The recent jihadist attack on the Tigantourine natural gas facility near In Amenas, Algeria, and the subsequent hostage situation there have prompted some knee-jerk discussions among media punditry. From these discussions came the belief that the incident was spectacular, sophisticated and above all unprecedented. A closer examination shows quite the opposite.

Indeed, very little of the incident was without precedent. Mokhtar Belmokhtar, who orchestrated the attack, has employed similar tactics and a similar scale of force before, and frequently he has deployed forces far from his group's core territory in northern Mali. Large-scale raids, often meant to take hostages, have been conducted across far expanses of the Sahel. What was unprecedented was the target. Energy and extraction sites have been attacked in the past, but never before was an Algerian natural gas facility selected for such an assault.
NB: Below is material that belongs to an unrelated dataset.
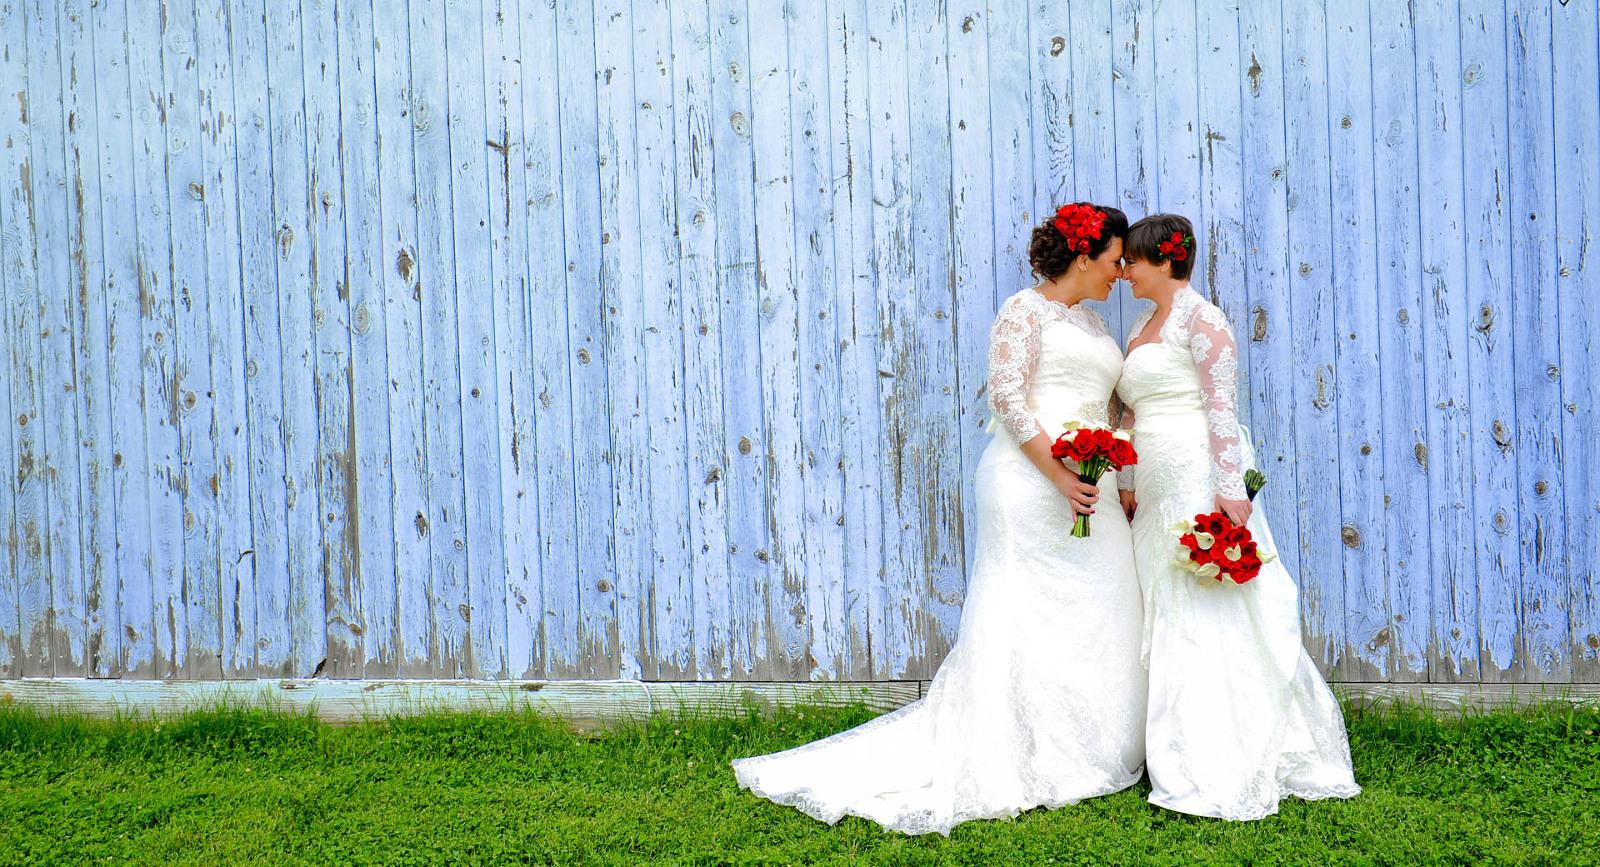 A same sex wedding couple celebrate their wedding in the Metro Detroit, Michigan area.

A closer look at the operation also reveals Belmokhtar's true intentions. The objective of the attack was not to kill hostages but to kidnap foreign workers for ransom -- an objective in keeping with many of Belmokhtar's previous forays. But in the end, his operation was a failure. His group killed several hostages but did not destroy the facility or successfully transport hostages away from the site. He lost several men and weapons, and just as important, he appears to have also lost the millions of dollars he could have gained through ransoming his captives.
Offering Perspective

Until recently, Belmokhtar and his group, the Mulathameen Brigade, or the "Masked Ones," which donned the name "Those Who Sign in Blood" for the Tigantourine operation, were associated with al Qaeda in the Islamic Maghreb. Prior to their association with al Qaeda in the Islamic Maghreb, they were a part of Algeria's Salafist Group for Preaching and Combat, which operated in the Sahel. As part of these groups, Belmokhtar led many kidnapping raids and other operations throughout the region, and these past examples offer perspective for examining the Tigantourine operation and for attempting to forecast the groups' future activities.



In April 2003, Belmokhtar was one of the leaders of the Salafist Group for Preaching and Combat operation that took 32 European tourists hostage in the Hoggar Mountains near Illizi, Algeria, which is roughly 257 kilometers (160 miles) southwest of the Tigantourine facility. Seventeen hostages were freed after an Algerian military raid, and the rest were released in August 2003 -- save for one woman, who died of sunstroke.



Prior to 2006, when the Salafist Group for Preaching and Combat essentially became al Qaeda in the Islamic Maghreb, kidnappings and attempted kidnappings occurred roughly once a year. But after 2006, the operational tempo of kidnappings in the Sahel quickened, with about three to five operations conducted per year. According to U.S. Treasury Department Undersecretary for Terrorism and Financial Intelligence David Cohen, al Qaeda earned approximately $120 million in ransoms from 2004 to 2012. Cohen added that al Qaeda in the Islamic Maghreb had become the most proficient kidnapping unit of all al Qaeda's franchise groups.

Examples of al Qaeda in the Islamic Maghreb's proficiency abound. In September 2010, the group took seven hostages from a uranium mine in Arlit, Niger, and kidnapped four European tourists in Mali in January 2009. More recently, it kidnapped three aid workers in Tindouf, Algeria, in October 2011.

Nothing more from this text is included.